In the West End Smith has worked on Walden, Uncle Vanya, Rosmersholm, The Goat, or Who Is Sylvia?, This House and The Street of Crocodiles. Smith received Laurence Olivier Award nominations for Uncle Vanya and Rosmersholm. She followed Girl from the North Country from the West End to The Public Theater and then to Broadway. Other theatre work includes Nightfall at the Bridge and The Lion, the Witch and the Wardrobe at the West Yorkshire Playhouse at Stella at the Brighton Festival, Hoxton Hall, and the Holland Festival.
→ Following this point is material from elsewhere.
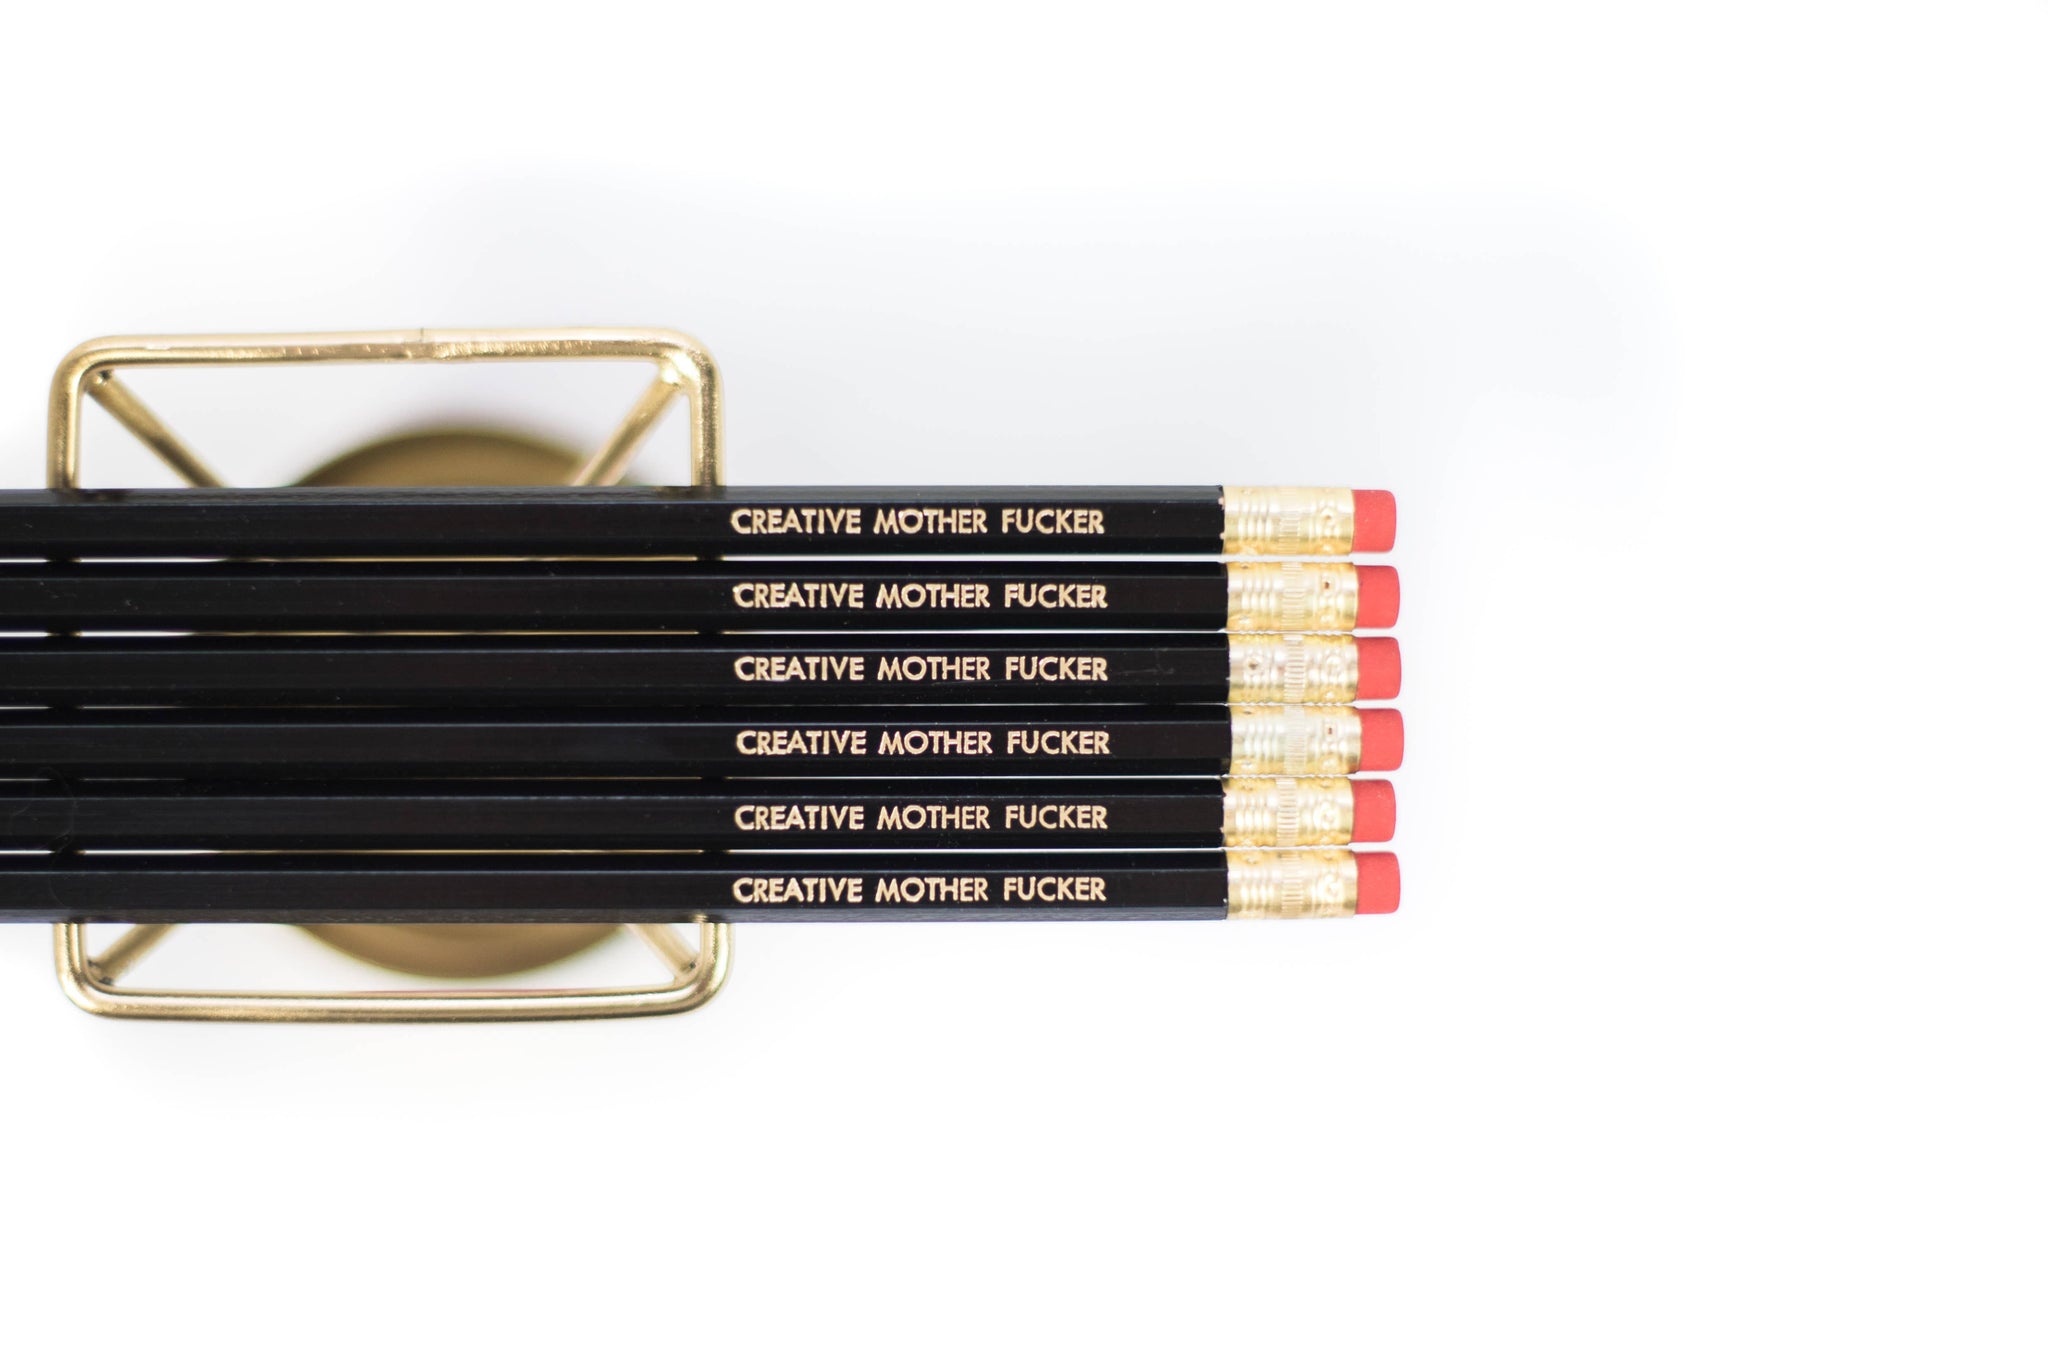 Tiramisu Paperie - Creative Mother Fucker Pencils

Smith worked off-Broadway on the set and costume design for Oliver Twist, for which she won an Obie Award, and in Ireland on An Ideal Husband, for which she received an Irish Times award for best costume.

Smith also worked as set designer on War Horse, a stage adaptation of Michael Morpurgo's novel about a horse on the Western Front of the First World War. To prepare for the role Smith spent weeks pretending to be a British Army captain, in a manner similar to that of method acting. As part of the process she reviewed personal recollections, photographs and archives from the period, held at the Imperial War Museum. Smith's set for the play was praised for its dynamism. A key theme was the use of the backdrop as a giant sheet of paper from one of the characters sketchbooks, onto which she projected images that might have been drawn by the character. The set design won Smith an Olivier, Tony, Evening Standard, Toronto Critics and Drama Desk Special Awards.

== Opera and ballet ==
Smith has also worked on operas including The Marriage of Figaro at the Aix-en-Provence Festival, Pelléas and Mélisande for the Scottish Opera, Benvenuto Cellini for the English National Opera, and Cavalleria rusticana and Pagliacci for the Metropolitan Opera, New York. Smith's set for Der Ring des Nibelungen for the Opéra national du Rhin won a Grand Prix for Outstanding Achievement in Opera.

Smith has also worked in ballet, including Dance: The Tempest and The Prince of the Pagodas at the Birmingham Royal Ballet and The Rite of Spring and Petrushka for the Fabulous Beast company.